The full listing, word for word and free of images, is the expected result.

(Data provided Opens)

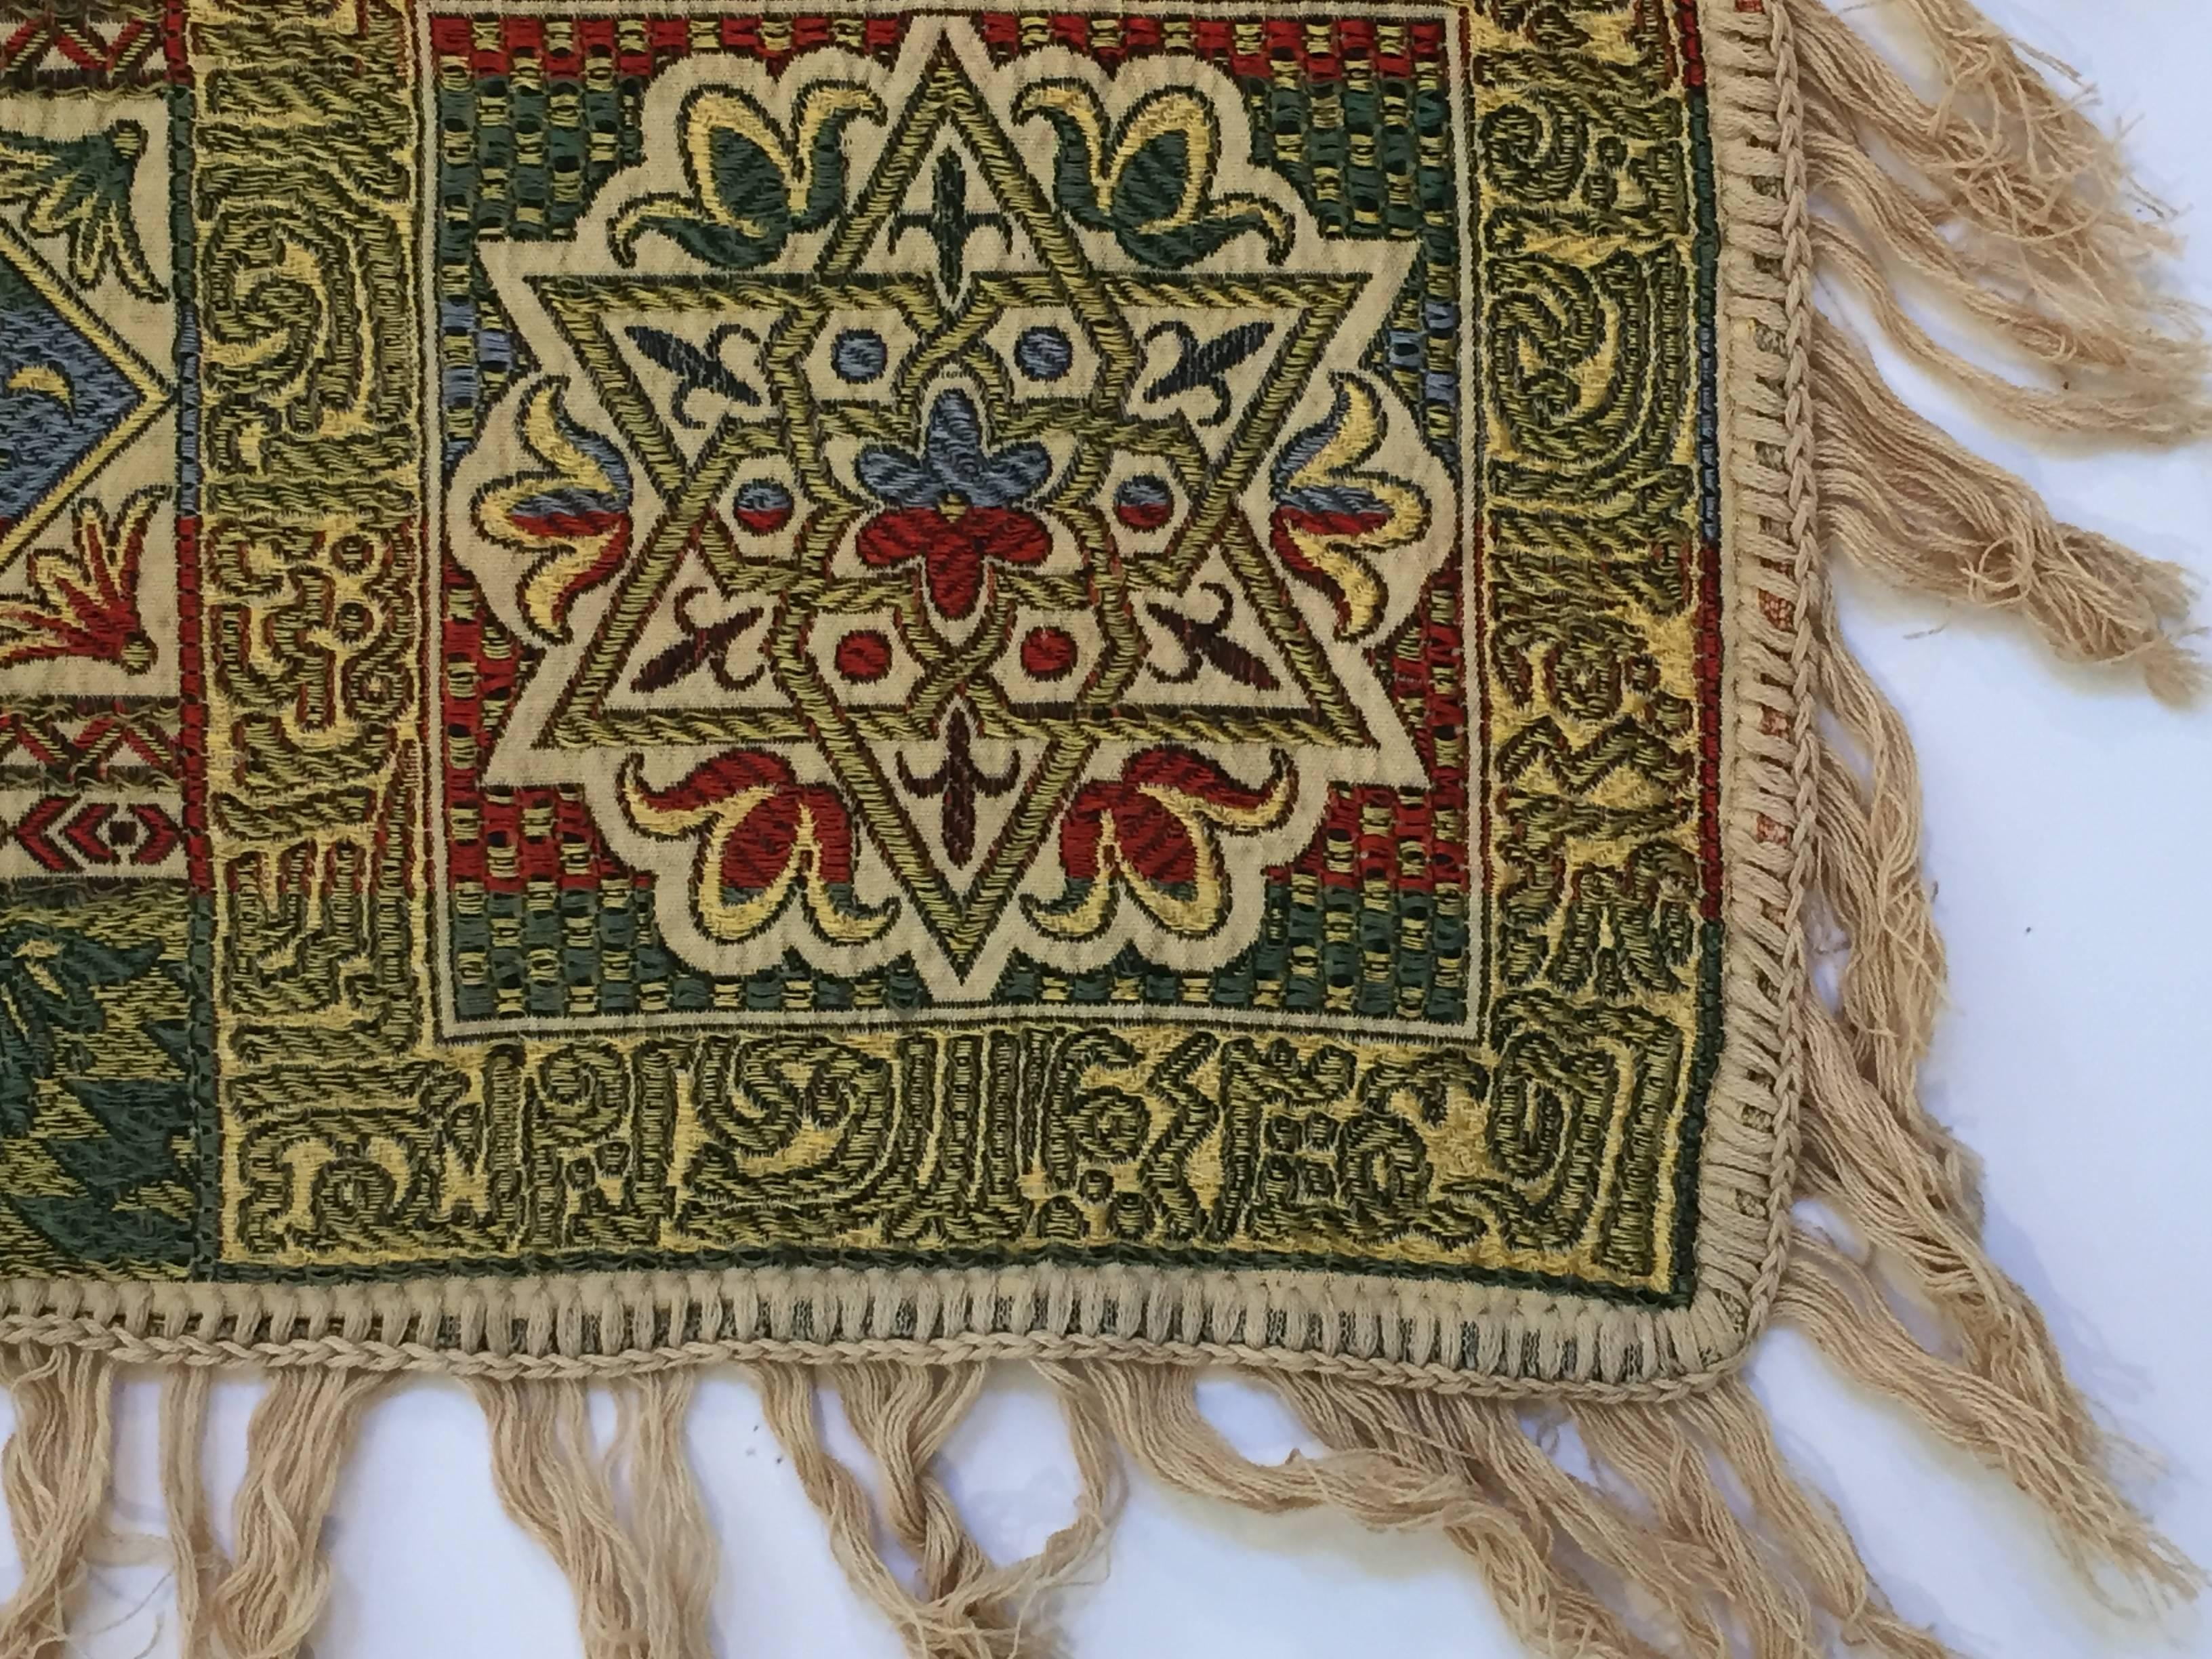 Granada, Islamic Spain, great textile with ivory color fringes featuring Moorish floral and geometric designs with calligraphy Arabic writing.
Colors are earth tone in green, blue, ivory and deep Moroccan red.
Could be used as a piano shawl, sofa
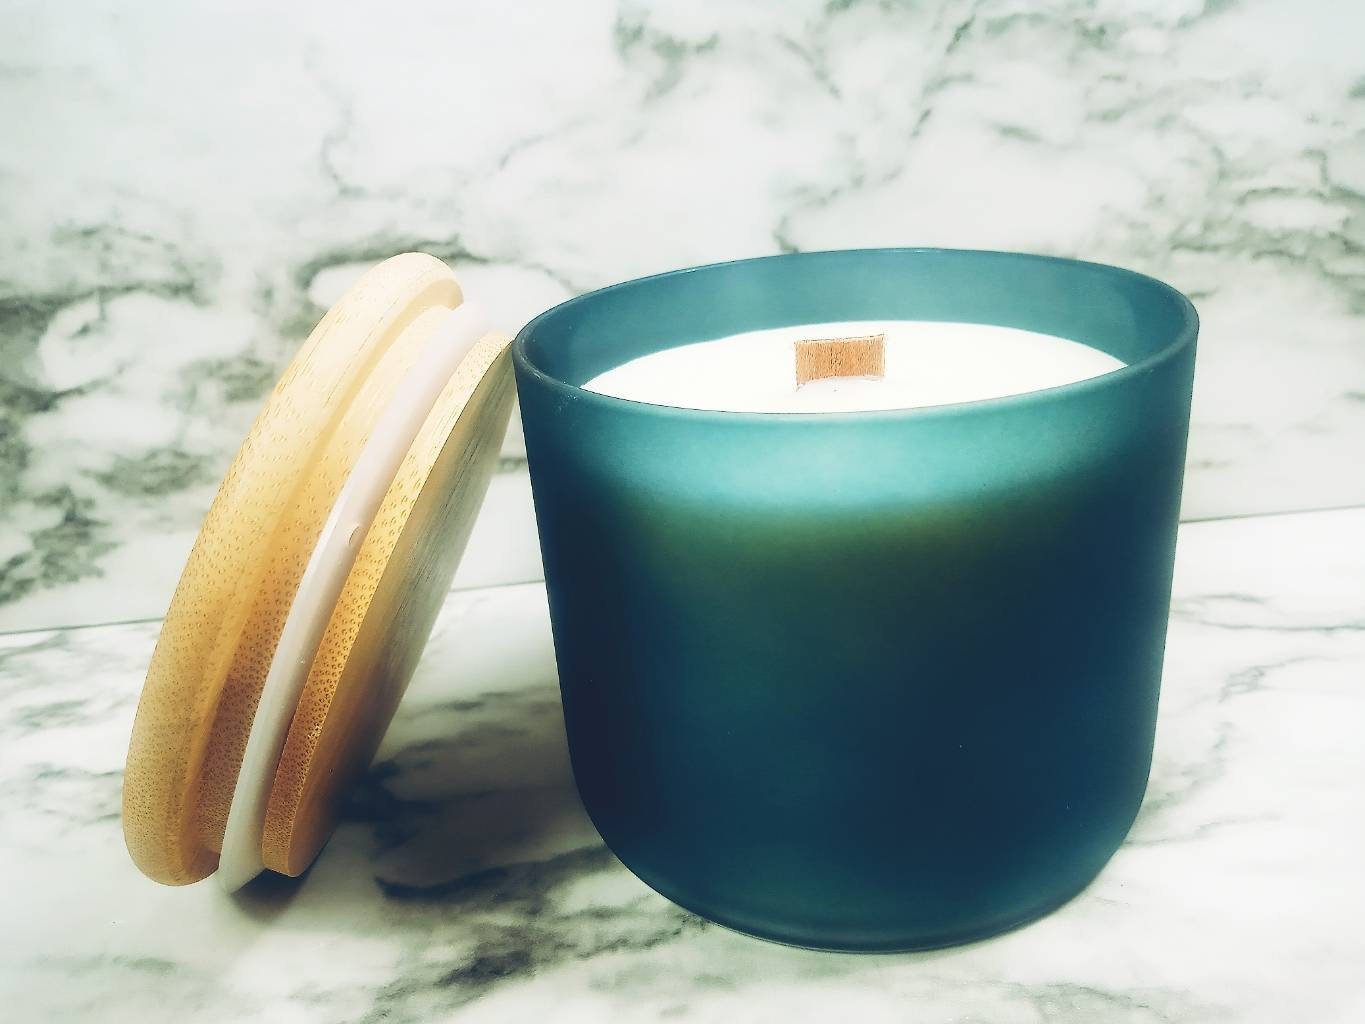 Refillable Decorative Glass Woodwick Soy Candles
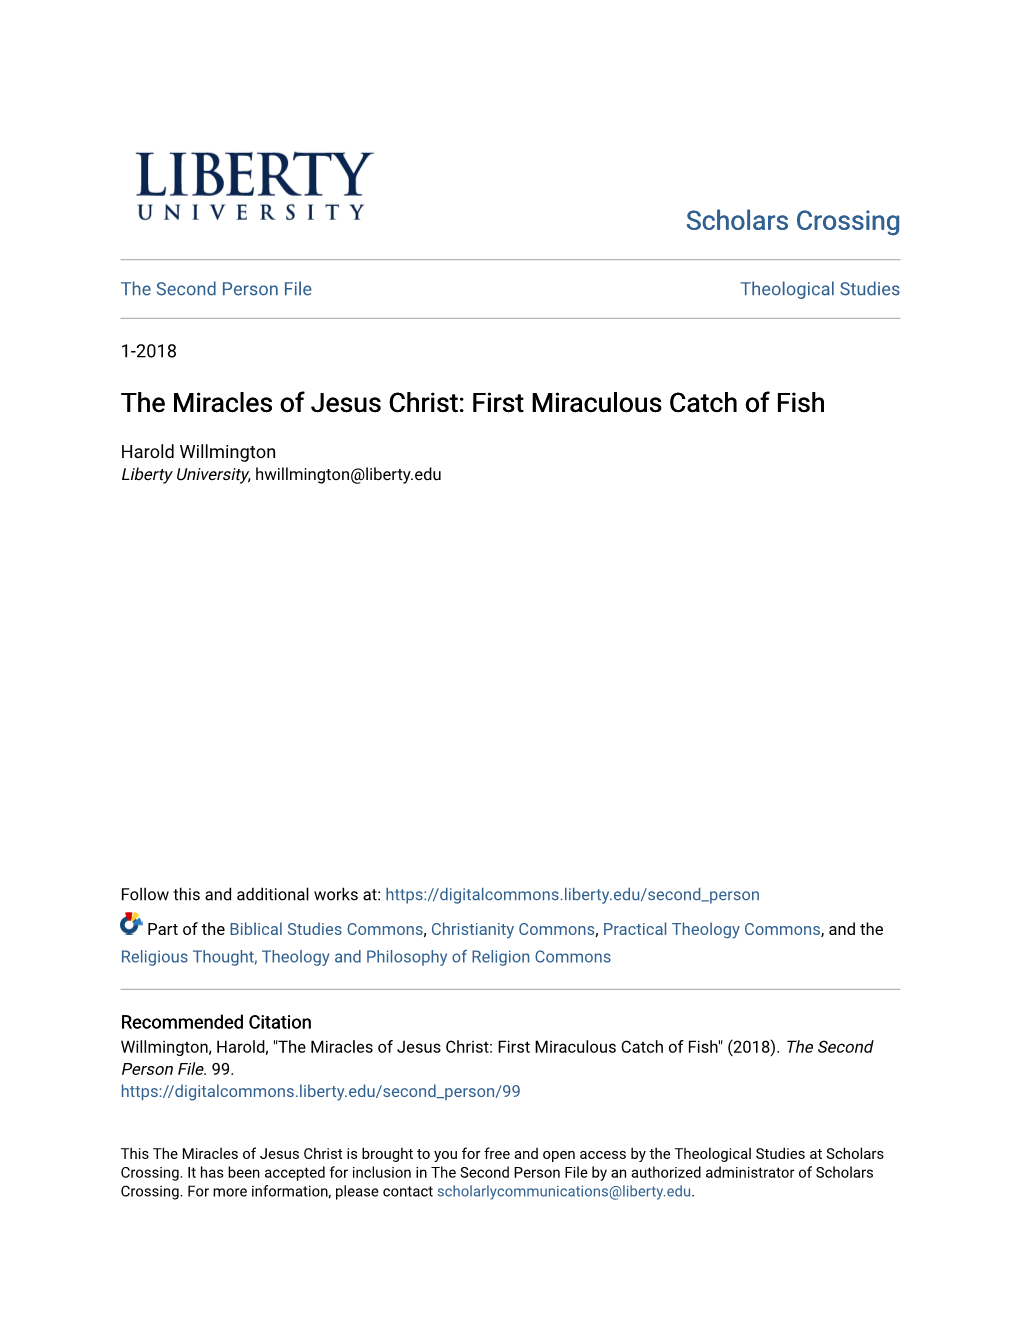 The Miracles of Jesus Christ: First Miraculous Catch of Fish
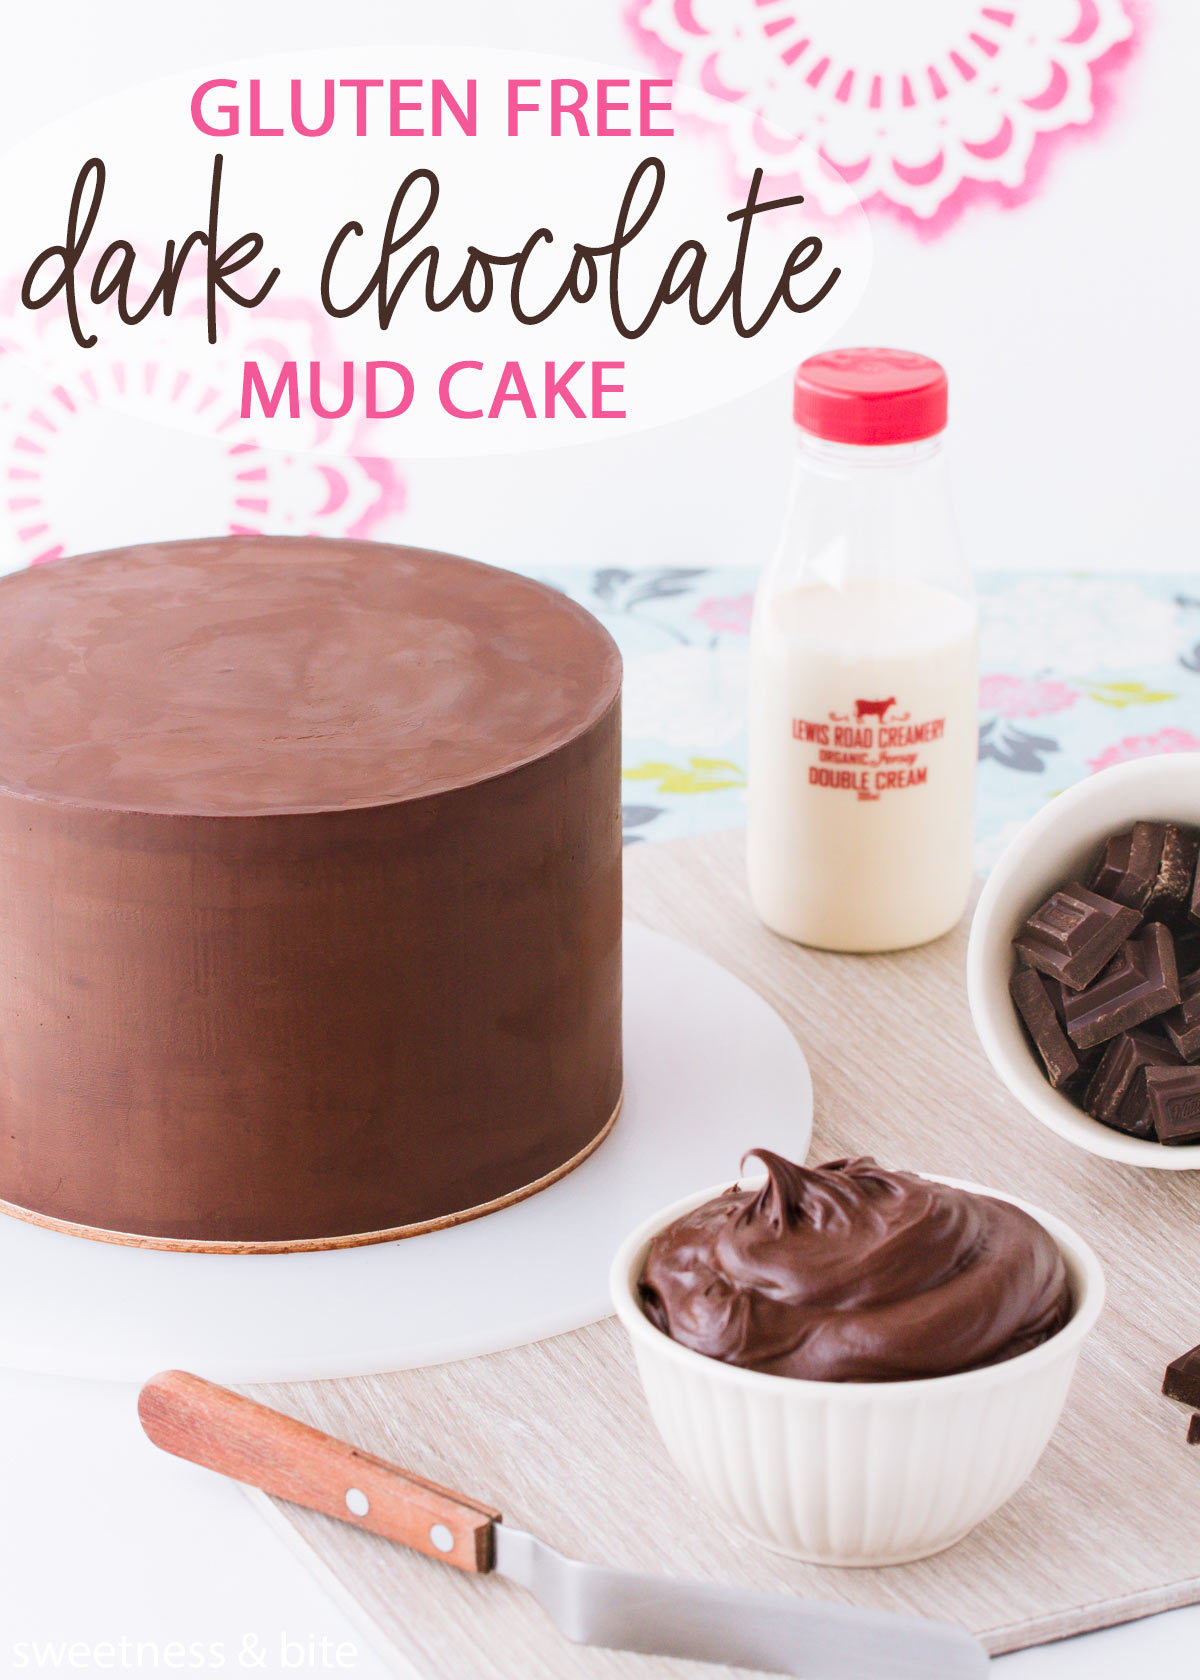 A moist, dense, gluten free dark chocolate mud cake. Suitable for covering in fondant, tiered cakes, carved cakes, and decorating using the 3 day timeline.

(Data provided Closes)

--- Task output ---
 Granada, Islamic Spain, great textile with ivory color fringes featuring Moorish floral and geometric designs with calligraphy Arabic writing.
Colors are earth tone in green, blue, ivory and deep Moroccan red.
Could be used as a piano shawl, sofa
 Refillable Decorative Glass Woodwick Soy Candles
 The Miracles of Jesus Christ: First Miraculous Catch of Fish
 A moist, dense, gluten free dark chocolate mud cake. Suitable for covering in fondant, tiered cakes, carved cakes, and decorating using the 3 day timeline.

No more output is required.